Tutbury Castle became the headquarters of Henry de Ferrers and was the centre of the wapentake of Appletree, which included Duffield Frith. With his wife Bertha, he endowed Tutbury Priory with two manors in about 1080. It would seem that Tutbury at that time was a dependency of the Norman abbey of St Pierre‑sur‑Dives.

===Medieval era===
William de Ferrers, 3rd Earl of Derby joined a rebellion against Henry II in 1173–74 and Tutbury Castle was one of at least twenty castles belonging to the rebels that were slighted.

The castle was "nearly destroyed" by Prince Edward in 1264 after the rebellion of Robert de Ferrers, 6th Earl of Derby.
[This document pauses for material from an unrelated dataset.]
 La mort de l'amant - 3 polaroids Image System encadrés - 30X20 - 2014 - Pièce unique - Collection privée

In 1269, after a further rebellion the lands were given to Edmund Crouchback and have remained part of the Duchy of Lancaster.
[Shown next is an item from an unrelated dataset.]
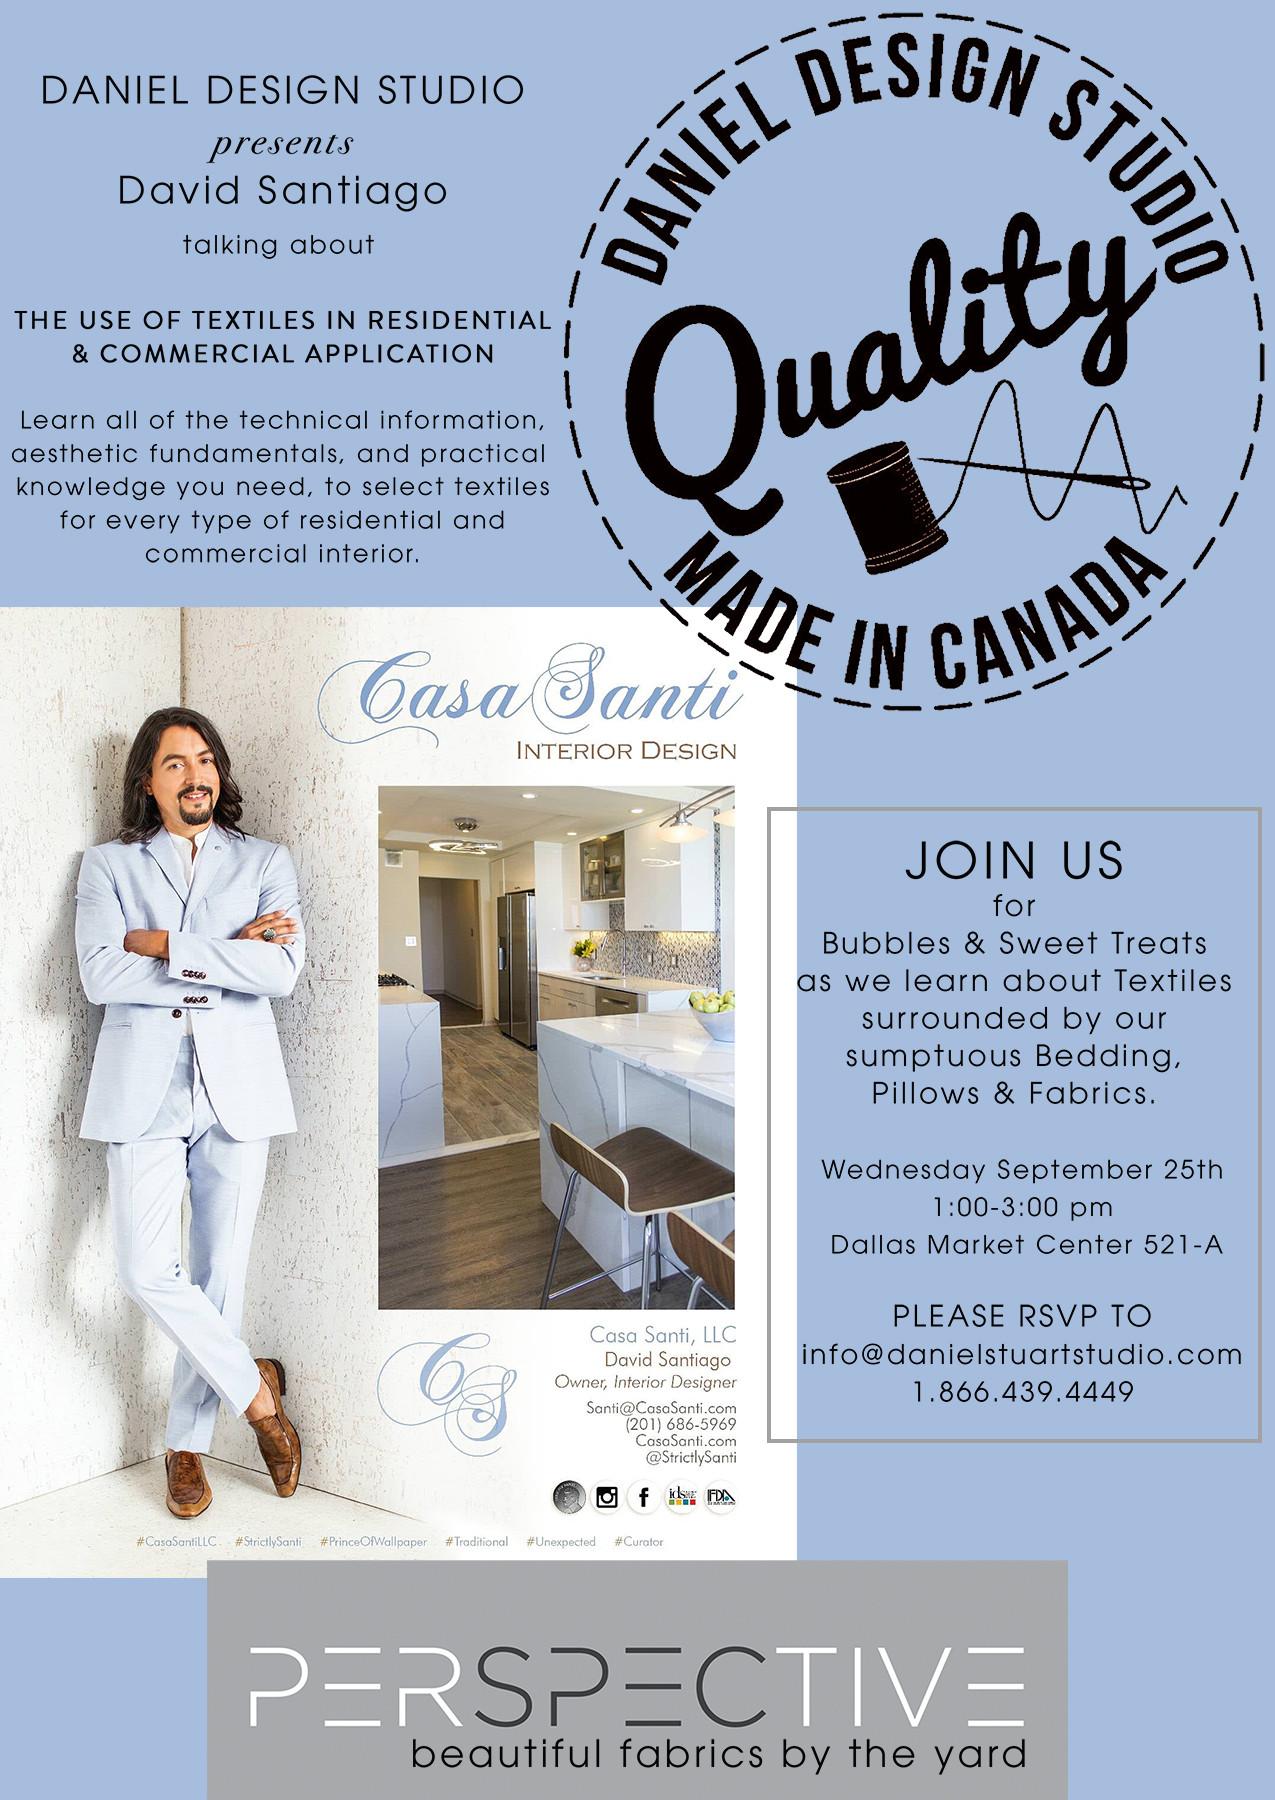 Daniel Design Studio - Dallas Market Center

By the 1300s the castle was largely repaired, though as a residential castle rather than a military strong-point.

"Thomas, the second Earl of Lancaster [c. 1278–1322], not only repaired the ravages it had sustained while in the hands of the Earl of Derby, but gave to it a grandeur and magnificence which it had not previously possessed. He made it his principal residence, and, from the more than princely style in which he lived, became a benefactor to the surrounding country, giving a stimulus to the industry of his tenantry, and finding a market for all their productions; his housekeeping in one year (1313) amounting to the amazing sum of 22,000l of our present [1836] money, and this too at a time when provisions of all kinds were remarkably cheap."

===Court of Constance, wife of John of Gaunt===
Some time before 1370 the castle was even more substantially rebuilt again by John of Gaunt. From 1372 until her death in 1394, the castle was the permanent residence of Constance, the wife of John of Gaunt. Her court lavishly patronised music and the arts, and was said to have "somewhat similar to a modern Windsor" in its ambition.
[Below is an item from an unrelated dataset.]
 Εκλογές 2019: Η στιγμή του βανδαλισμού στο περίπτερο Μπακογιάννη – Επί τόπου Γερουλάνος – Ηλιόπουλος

===Mary, Queen of Scots===
In June 1568, Mary, Queen of Scots was at Carlisle Castle after fleeing from Scotland after her defeat at the battle of Langside, and the English Privy Council decided to lodge her either at Nottingham Castle, Fotheringhay Castle or Tutbury, so that she was further from the Scottish border or Yorkshire. In January 1569 the Scottish Queen was taken from Bolton Castle, going first to Ripon and staying a night nearby, then to Wetherby staying a night with John Vavasour at Hazlewood Castle, then on to Pontefract, Rotherham, Chesterfield, and Wingfield Manor. George Talbot, 6th Earl of Shrewsbury was given detailed instructions for keeping Mary, which permitted him to lodge her at Sheffield from time to time (which he preferred), and briefed him on what he should say to her regarding her political predicament.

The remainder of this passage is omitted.